- Origin: Texas, US
- Genres: Stoner rock
- Years active: 1999 - present
- Members: Trinidad Leal Curt Christensen J.T. Smith
- Past members: Clayton Mills

= Dixie Witch =

Stoner rock music group from Texas, US

Dixie Witch is a Texas-based stoner rock trio formed by guitarist Clayton Mills, drummer/vocalist Trinidad Leal, and bassist/vocalist Curt Christensen in 1999. The band released their self-produced album Into the Sun on Brainticket Records in 2001. That summer, the band embarked on the "Southern Domination" US Tour with Alabama Thunderpussy and Suplecs. Following that tour, the band signed with Detroit-based Small Stone Records in 2003. One Bird, Two Stones, produced by Jeff Pinkus, was released that spring and Smoke and Mirrors, produced by Joel Hamilton, was released in 2006.

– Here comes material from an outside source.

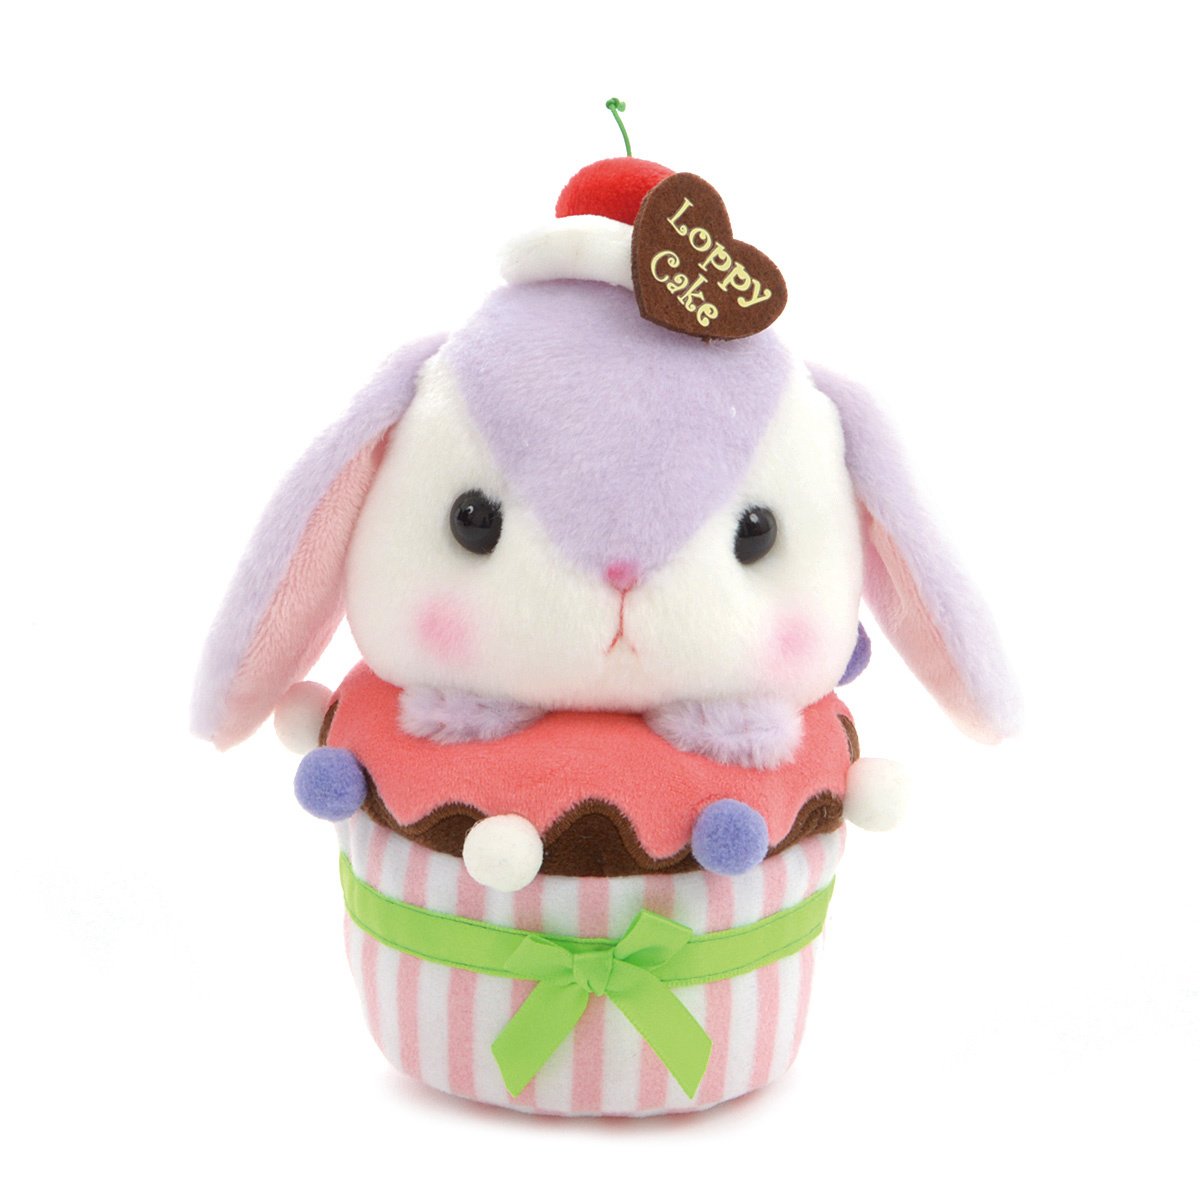 Plush Bunny, Amuse, Pote Usa Loppy, Sumiere-chan, Purple, 6 Inches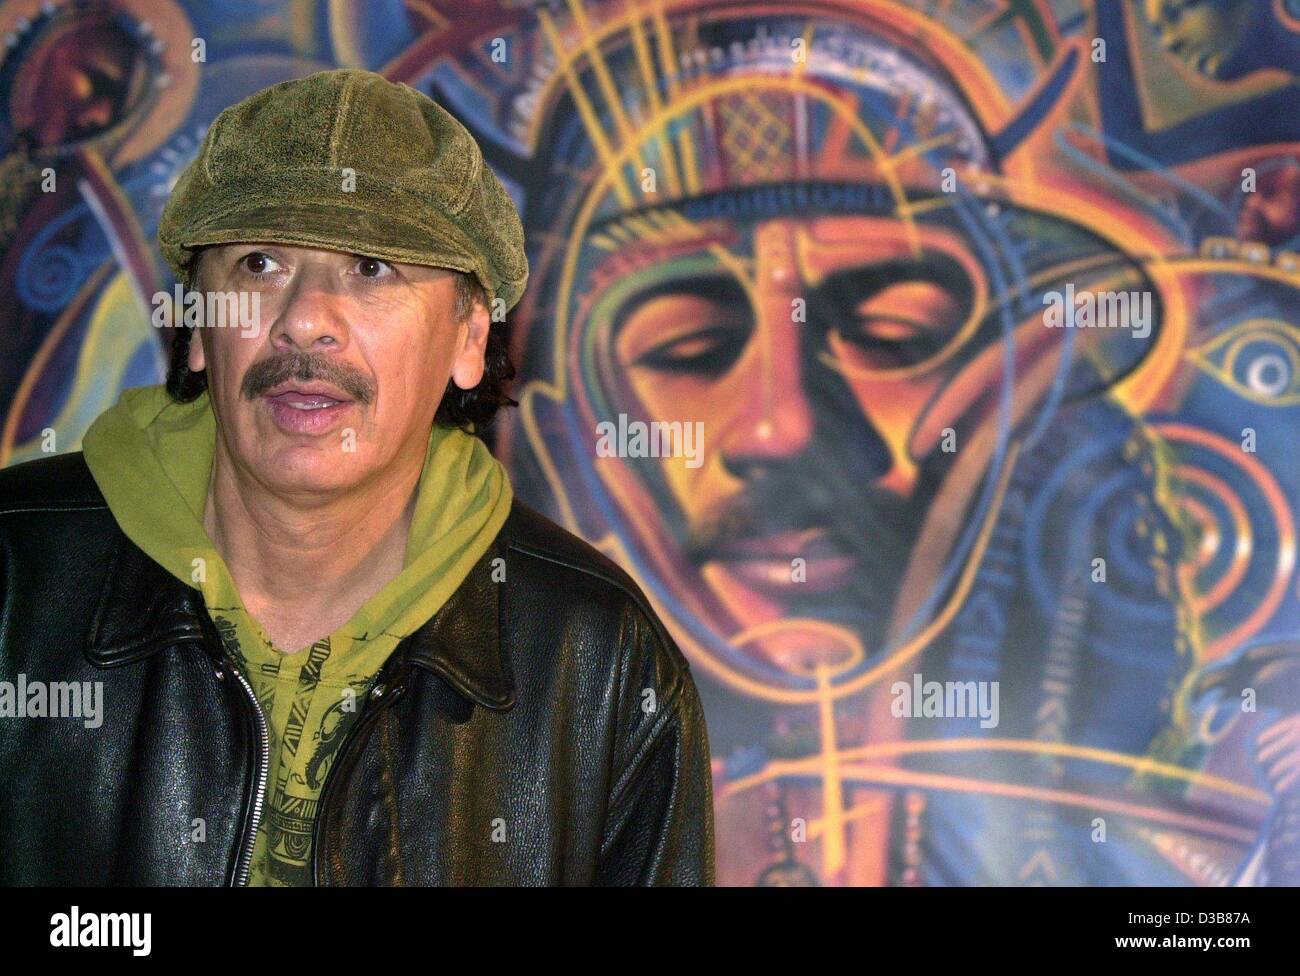 Der mexikanische Gitarrist und Sänger Carlos Santana ist abgebildet, während einer Pressekonferenz in München am 9. Dezember 2002. Carlos Santana sagt über den Erfolg seines neuen Albums "Schamanen", die im Oktober 2002 veröffentlicht wurde und bereits 4 Millionen Kopien weltweit verkauft. Stockfoto

The band was a regular act at the Emissions from the Monolith festival, performed at the Roadburn Festival in 2008 and appeared at the South by Southwest Music Conference every year since 2001.

Dixie Witch's songs have appeared on soundtracks to the video games NHL 2005 and Major League Baseball 2K7 as well as TV shows Viva La Bam and The Mentalist, among others.

In 2009, Clayton Mills left the band and was replaced by J.T. Smith. The band currently resides in Austin, Texas.